OSHA has decided to stick with its current system for ensuring the safety of electrical products in the workplace, turning down a bid from the European Union for the agency to adopt its system.

The announcement comes after an EU request that OSHA explore the possibility of adopting the Supplier's Declaration of Conformity ("SDoC"). Under SDoC, manufacturers declare that their products meet safety requirements before placing these products on the market, thus requiring EU governments to verify whether products are safety compliant after they already are on the market.

OSHA requires employers to use electrical devices tested and certified by independent testing companies recognized by the agency. These tests must be conducted before manufacturers or distributors place them on the market and employers use them in the workplace.

"OSHA's current system is a reliable and cost-effective approach to ensuring the safety of American workers," said Assistant Secretary of Labor for OSHA Dr. David Michaels. "A request for information did not reveal compelling evidence to abandon this system."

In 2008, in response to the EU's request for the U.S. to adopt an SDoC system, OSHA issued a request for information ("RFI"). It was the second RFI on this issue published by OSHA in the last five years. By statute, OSHA must demonstrate, based on substantial evidence, that its safety regulations and standards will provide or maintain a high degree of protection for U.S. workers. After reviewing comments submitted in response to the RFI, OSHA determined that the burden required for it to revise its standards was not met.

OSHA also is not convinced that the cost of administering such a system is compatible with its current budget.
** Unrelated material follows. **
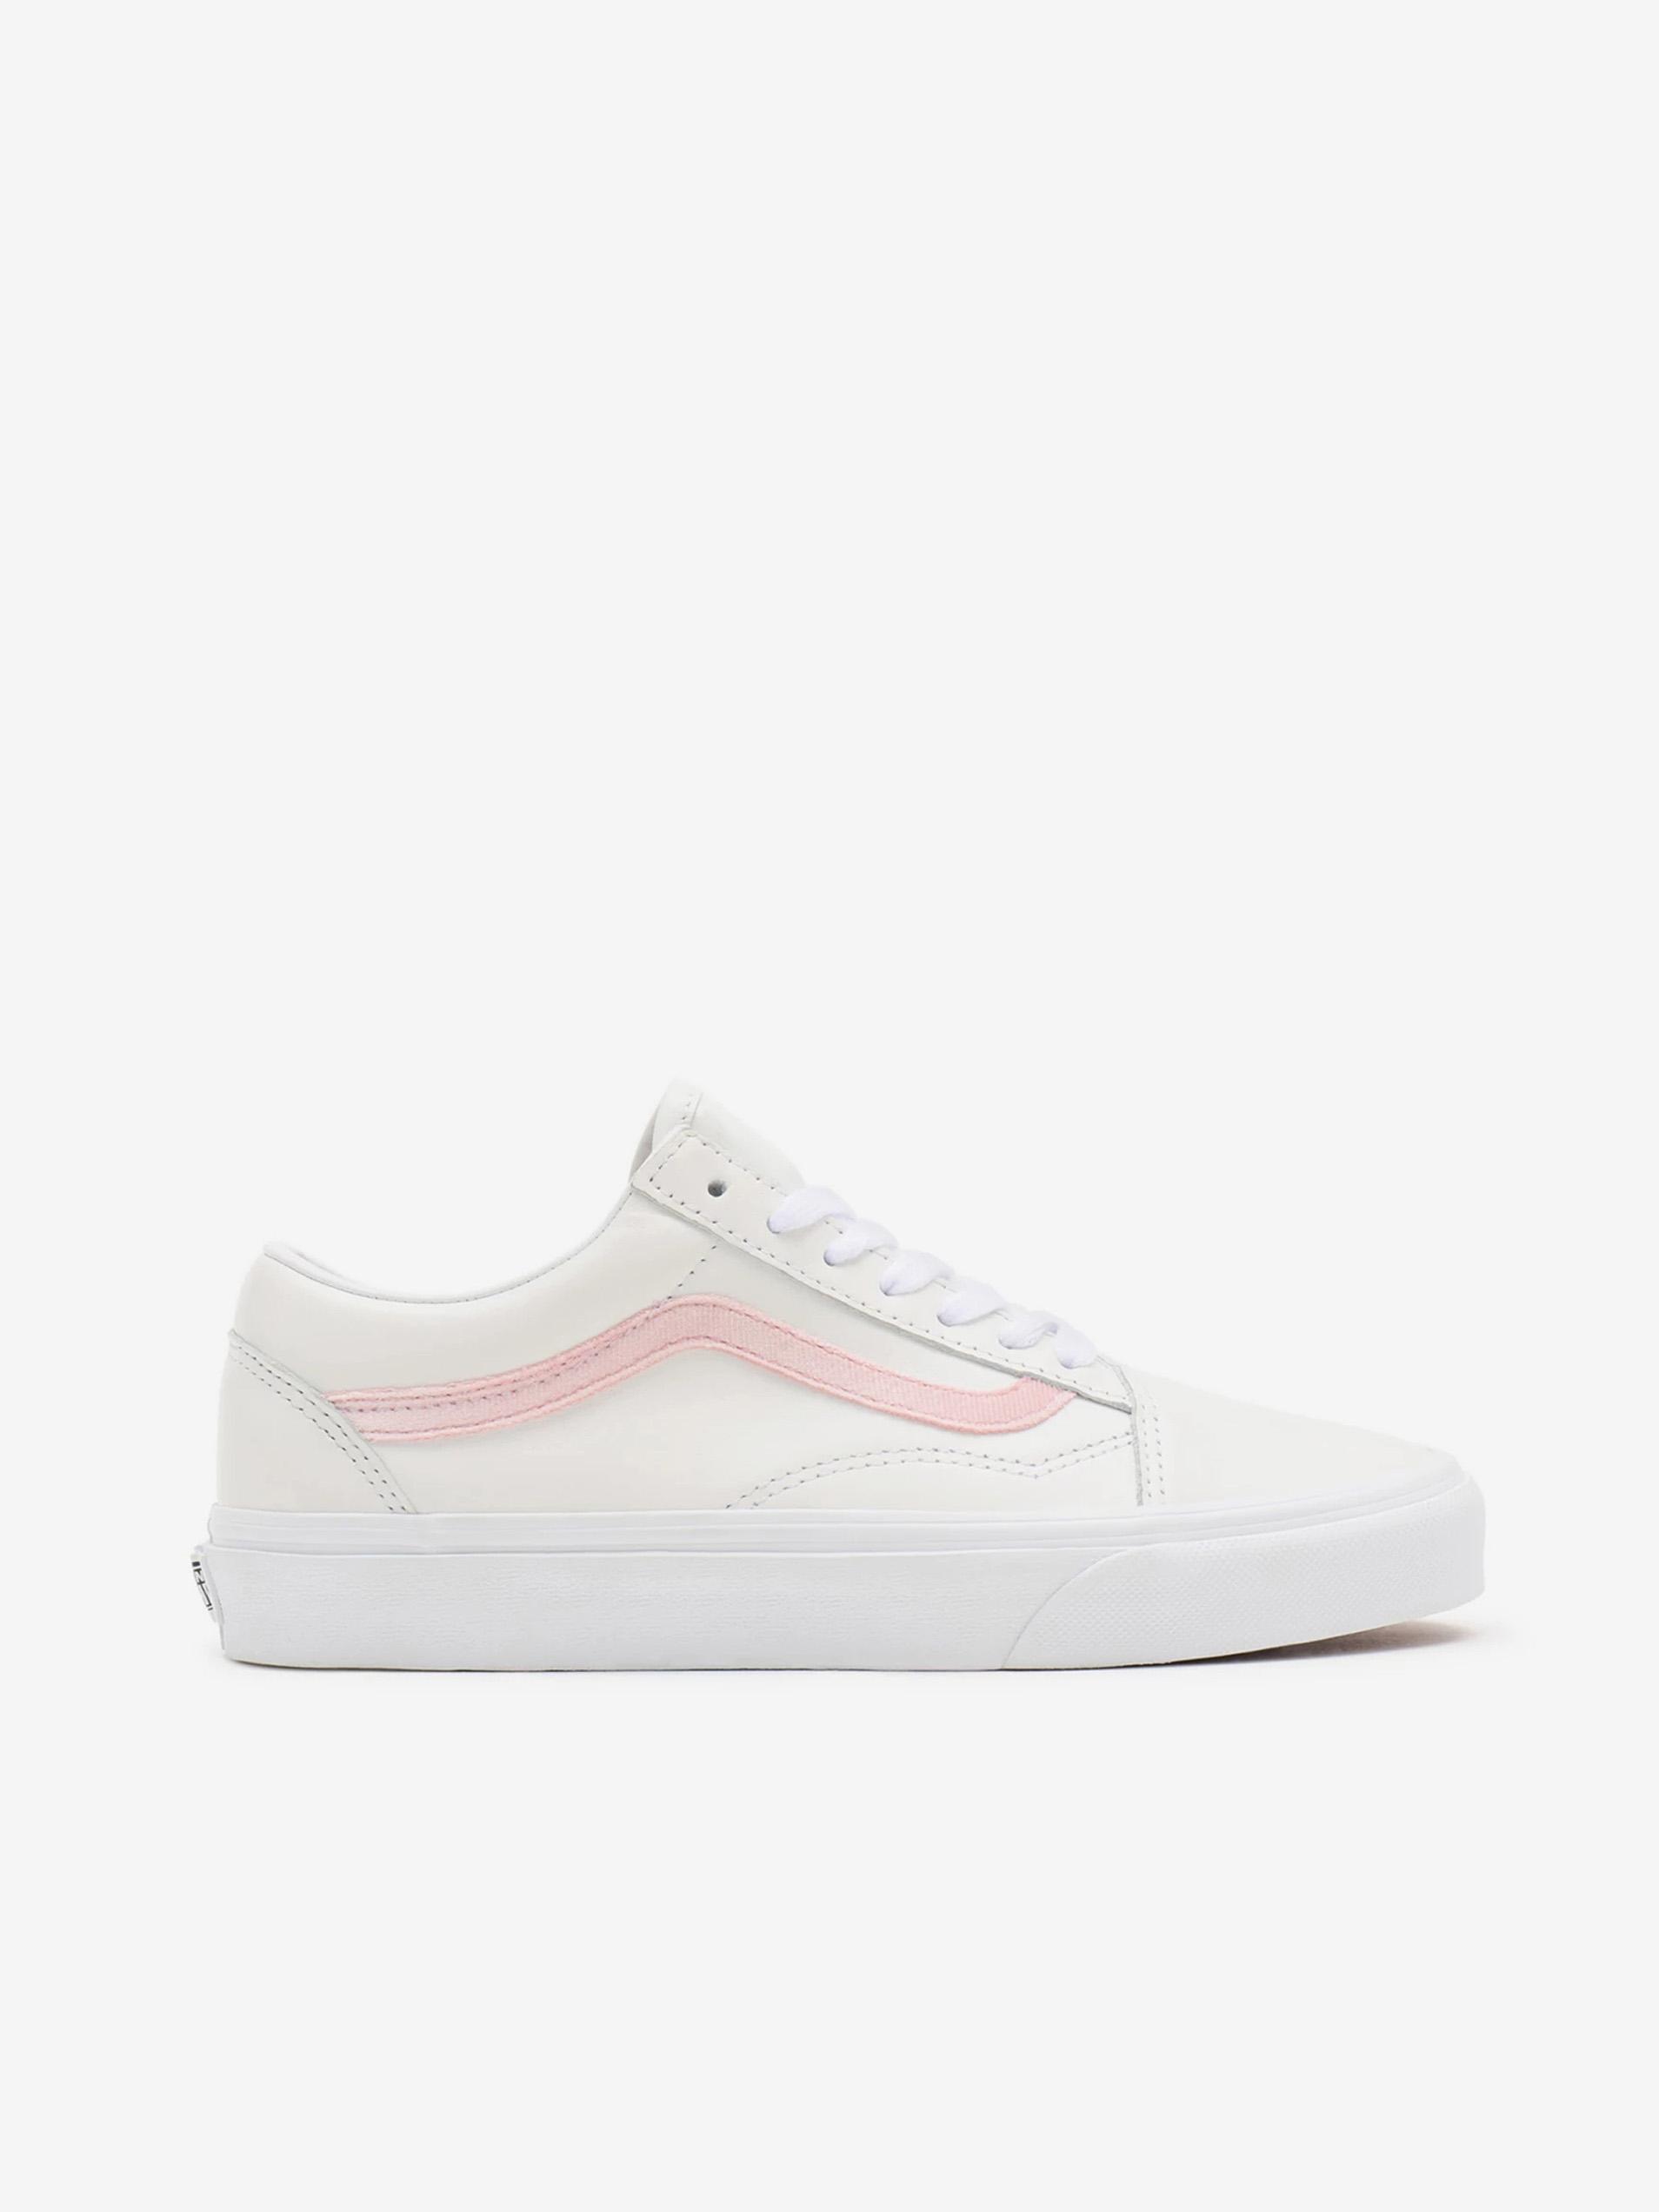 Ružovo-biele pánske kožené topánky VANS Old Skool - 35
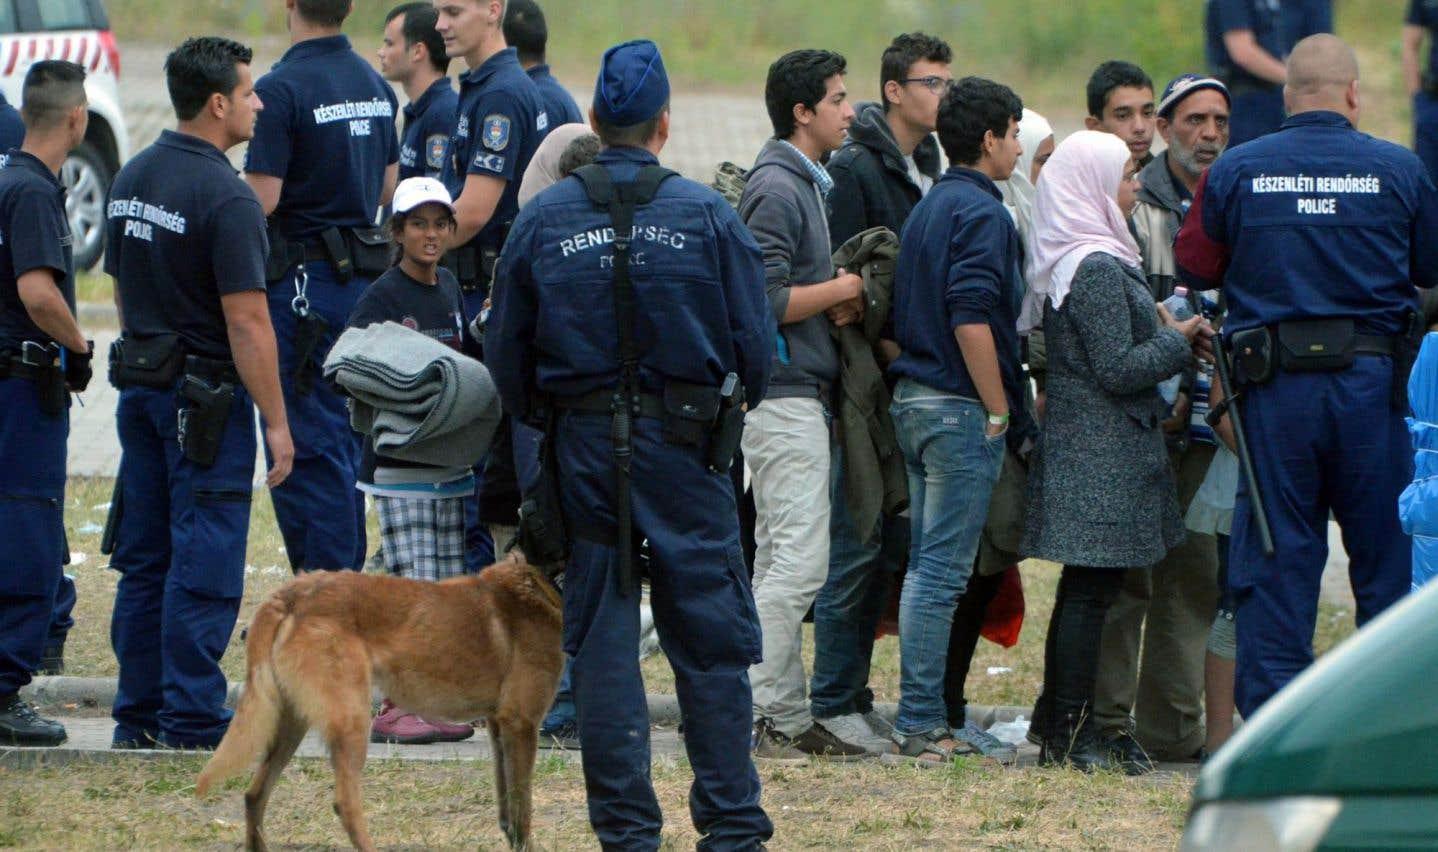 La Hongrie veut remettre les migrants en prison

Based on limited information obtained from post-market surveillance costs of two EU countries, OSHA estimated that implementing an SDoC system throughout the U.S. would cost hundreds of millions of dollars. OSHA also currently lacks explicit legislative authority to implement the enforcement powers required for an effective SDoC system, including issuing product recalls and bans, assessing fines, and imposing criminal penalties.